-- Problem description --
No pictures, nothing altered: return the data below.
Records provided Start Marker
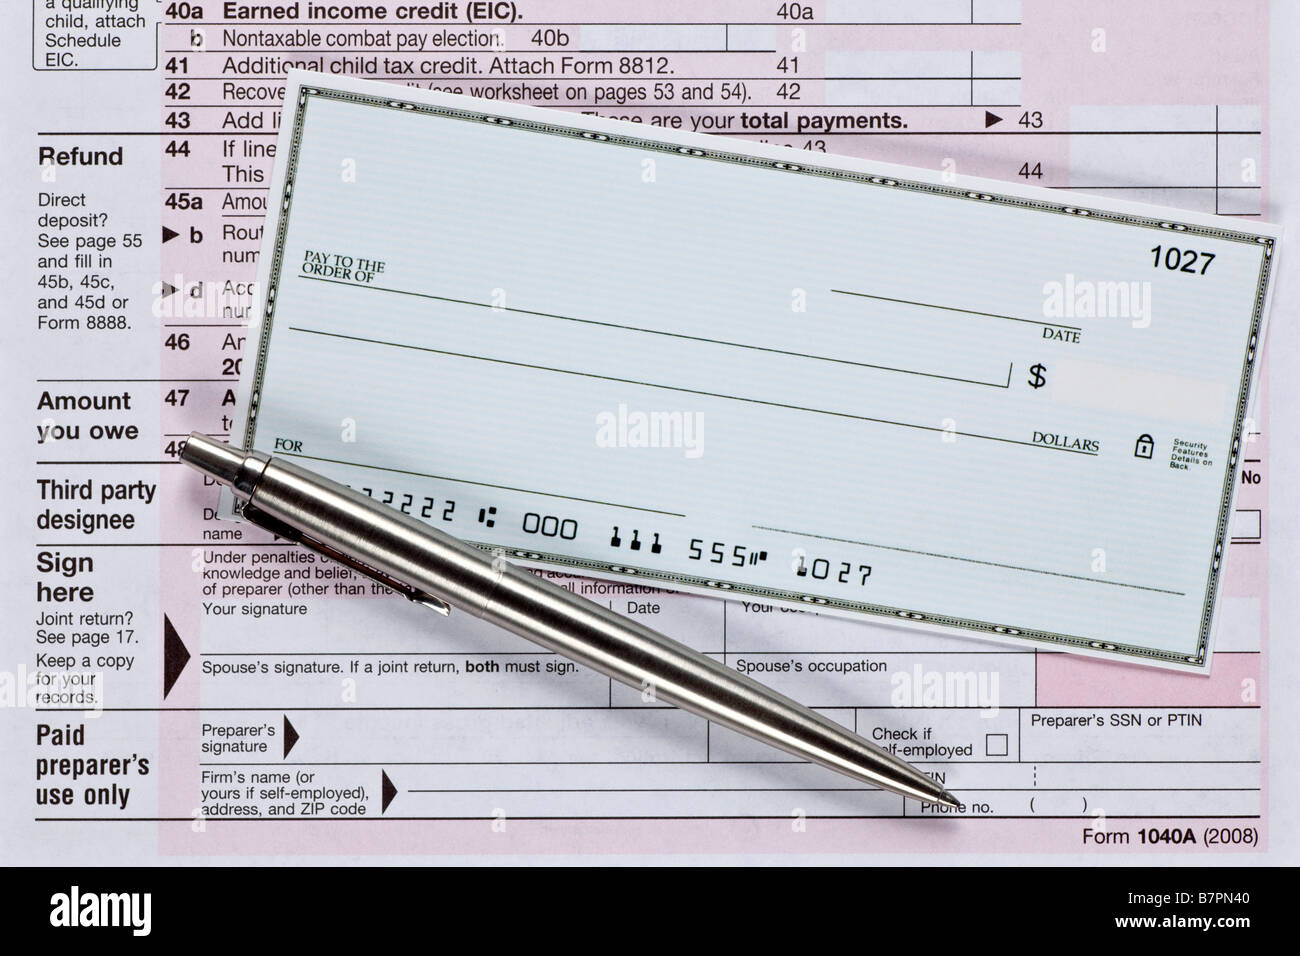 Un cheque en blanco con un bolígrafo en varios formularios de impuestos Foto de stock
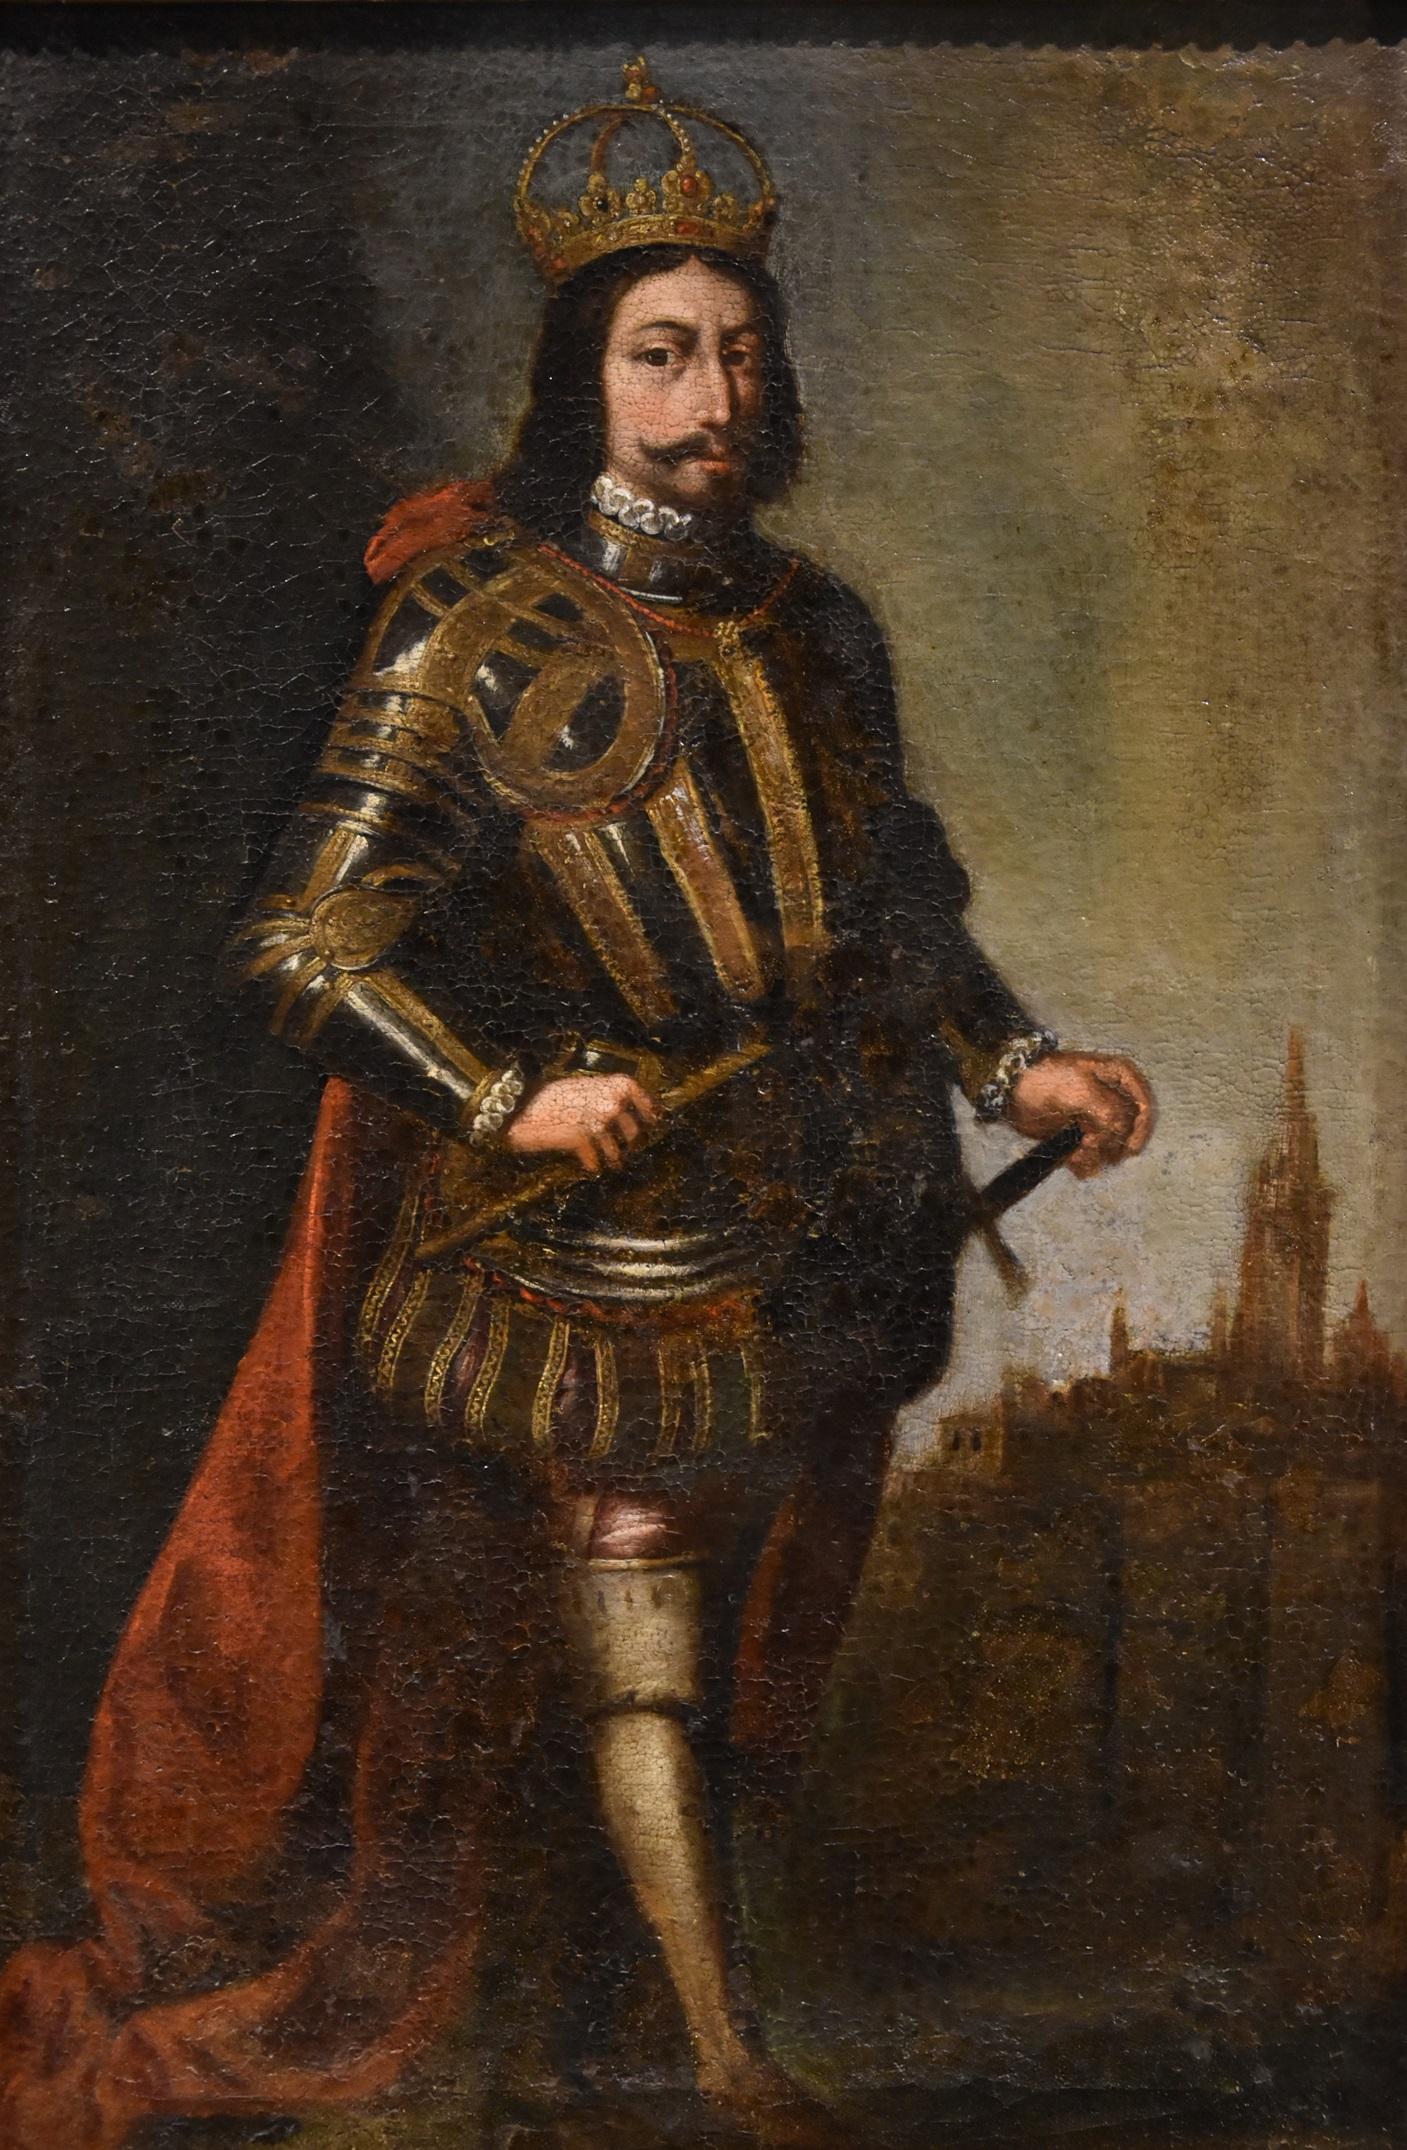 Francisco de Zurbaran (Fuente de Cantos 1598 - Madrid 1664) cercle
Portrait en pied d'un roi

Deuxième moitié du XVIIe siècle

Huile sur toile
78 x 52 cm. - dans le cadre 89 x 67 cm.


La représentation des monarques a eu une forte fonction de
Records provided End Marker
-- Task solution --
 Un cheque en blanco con un bolígrafo en varios formularios de impuestos Foto de stock
 Francisco de Zurbaran (Fuente de Cantos 1598 - Madrid 1664) cercle
Portrait en pied d'un roi

Deuxième moitié du XVIIe siècle

Huile sur toile
78 x 52 cm. - dans le cadre 89 x 67 cm.


La représentation des monarques a eu une forte fonction de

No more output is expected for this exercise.